_Your assignment_
Return only the lines below starting at the line containing "Barques file indienne" and ending at the line containing "Get a 2018 Subaru", both included, exactly as they are and with no pictures.

_Excerpted data_
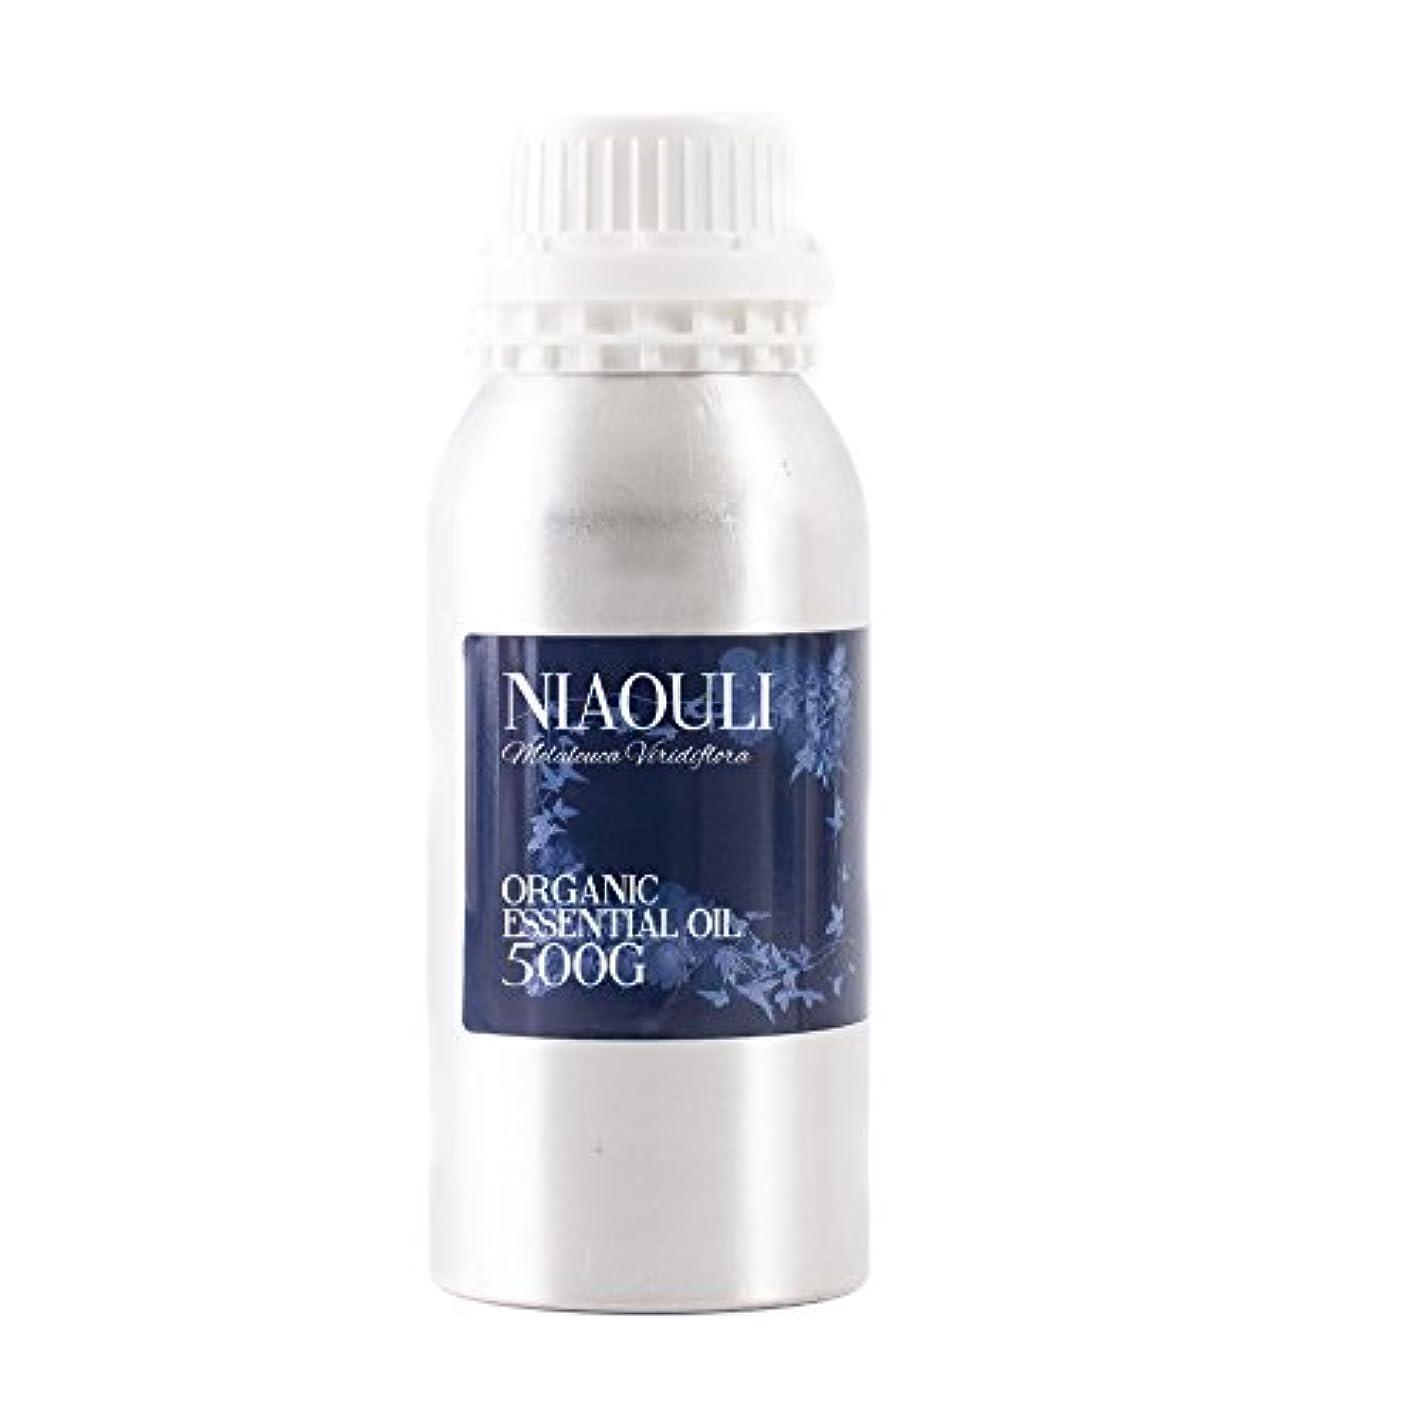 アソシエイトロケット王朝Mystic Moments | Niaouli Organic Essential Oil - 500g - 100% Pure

* * *

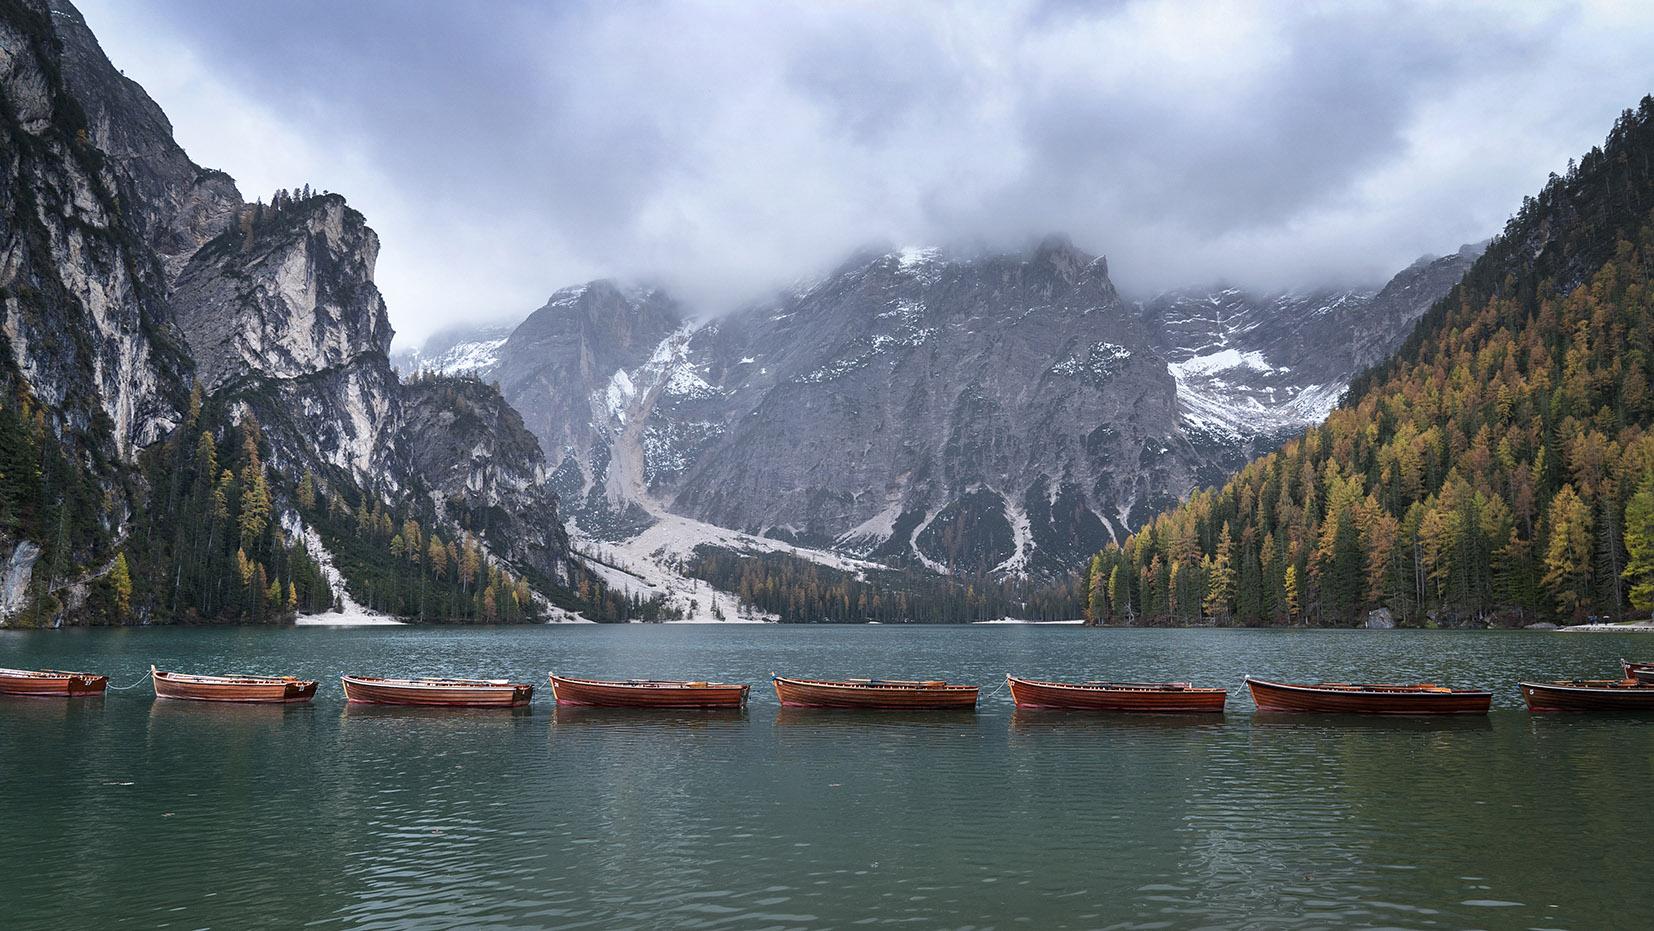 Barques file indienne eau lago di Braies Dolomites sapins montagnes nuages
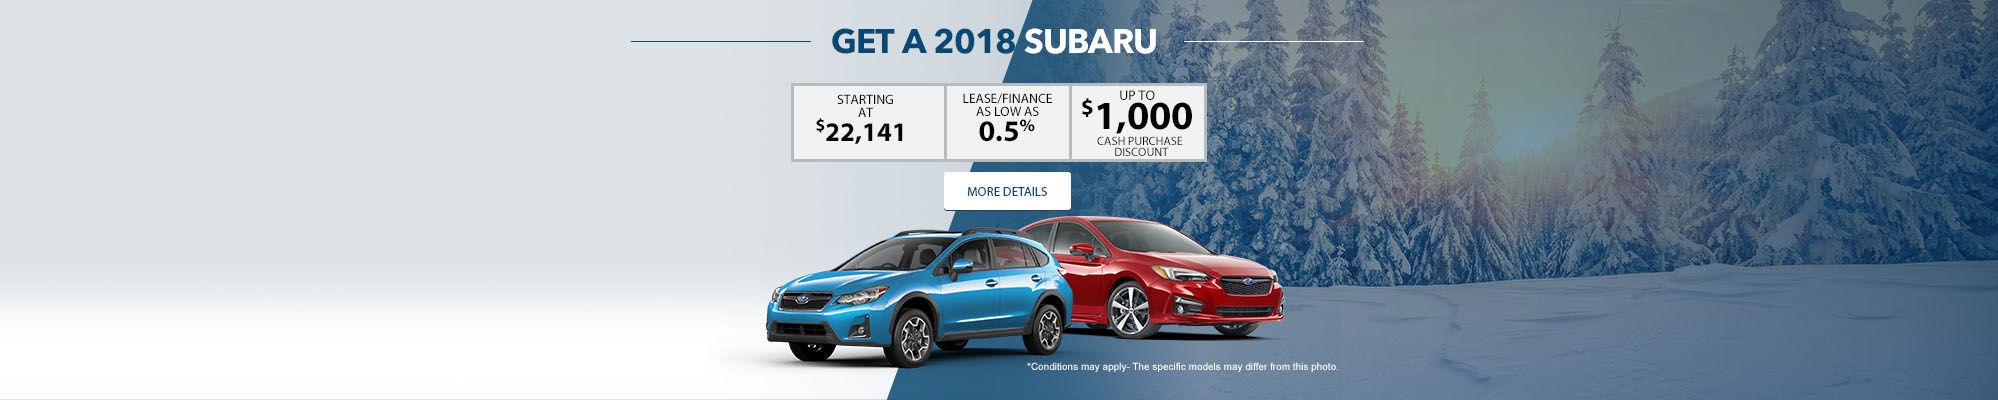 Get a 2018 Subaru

_Reply to the exercise_
 Barques file indienne eau lago di Braies Dolomites sapins montagnes nuages
 Get a 2018 Subaru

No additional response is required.